The Surprising Agreement Between Convex Optimization Theory and Learning-Rate Scheduling for Large Model Training
Fabian Schaipp, Alexander Hägele, Adrien Taylor, Umut Simsekli, Francis Bach
2025-02-03

Summary
This paper talks about an unexpected connection between a complex math theory called convex optimization and how we train big AI models. The researchers found that the way we adjust the learning speed of AI models during training is very similar to what this math theory predicts would work best.
What's the problem?
Training large AI models is tricky, and one of the biggest challenges is figuring out how fast the model should learn at different stages of training. This is called the learning rate schedule. Until now, people have mostly figured this out through trial and error, without a solid mathematical explanation for why certain schedules work better than others.
What's the solution?
The researchers discovered that a mathematical theory called non-smooth convex optimization actually predicts the learning rate schedules that work best in practice. They focused on a specific schedule that starts with a constant learning rate and then gradually slows down at the end, called a 'linear cooldown'. They showed mathematically why this cooldown is helpful. Using this knowledge, they improved the training of large language models like Llama by extending the training time with the right learning rate and by applying what they learned about one schedule to other types of schedules.
Why it matters?
This matters because it gives us a mathematical explanation for something that AI researchers have been doing based mostly on intuition and experience. It means we can now use this theory to make better decisions about how to train AI models, potentially making them learn faster and perform better. For example, the researchers were able to improve the training of large language models, which are the kind of AI used in chatbots and other advanced AI applications.
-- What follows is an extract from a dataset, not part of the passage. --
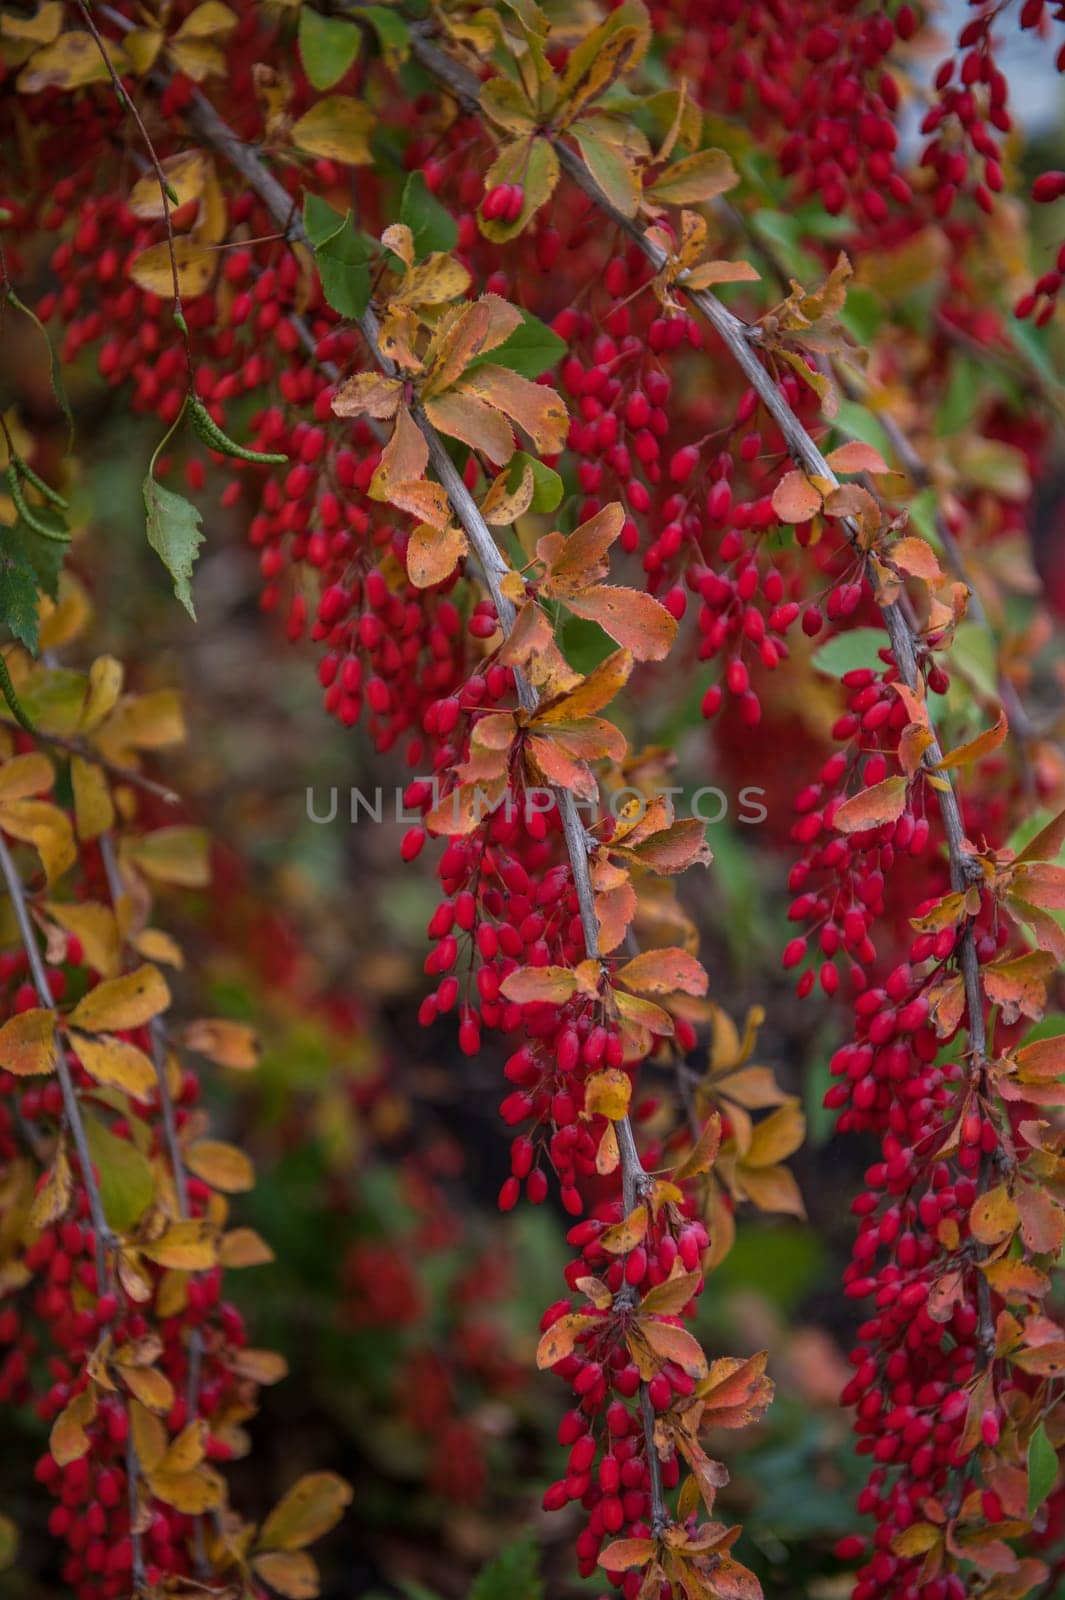 Red Berberis vulgaris berries on branch in autumn garden, by rusak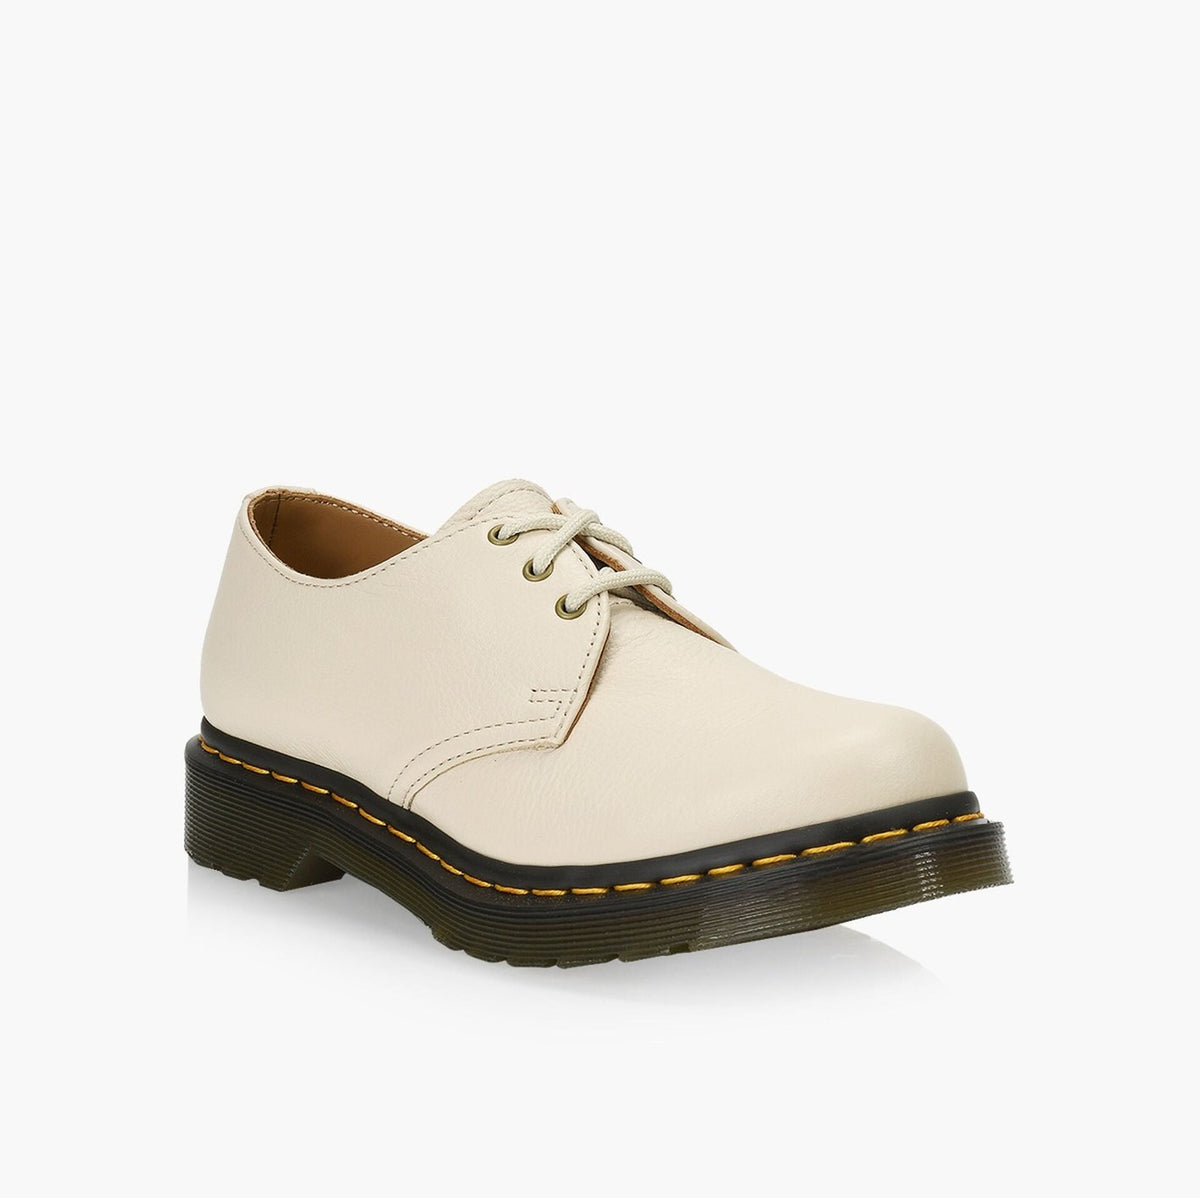 Dr. Martens 1461 Oxford Shoe

This could lead to more efficient ways of creating powerful AI systems in the future.
Abstract
We show that learning-rate schedules for large model training behave surprisingly similar to a performance bound from non-smooth convex optimization theory. We provide a bound for the constant schedule with linear cooldown; in particular, the practical benefit of cooldown is reflected in the bound due to the absence of logarithmic terms. Further, we show that this surprisingly close match between optimization theory and practice can be exploited for learning-rate tuning: we achieve noticeable improvements for training 124M and 210M Llama-type models by (i) extending the schedule for continued training with optimal learning-rate, and (ii) transferring the optimal learning-rate across schedules.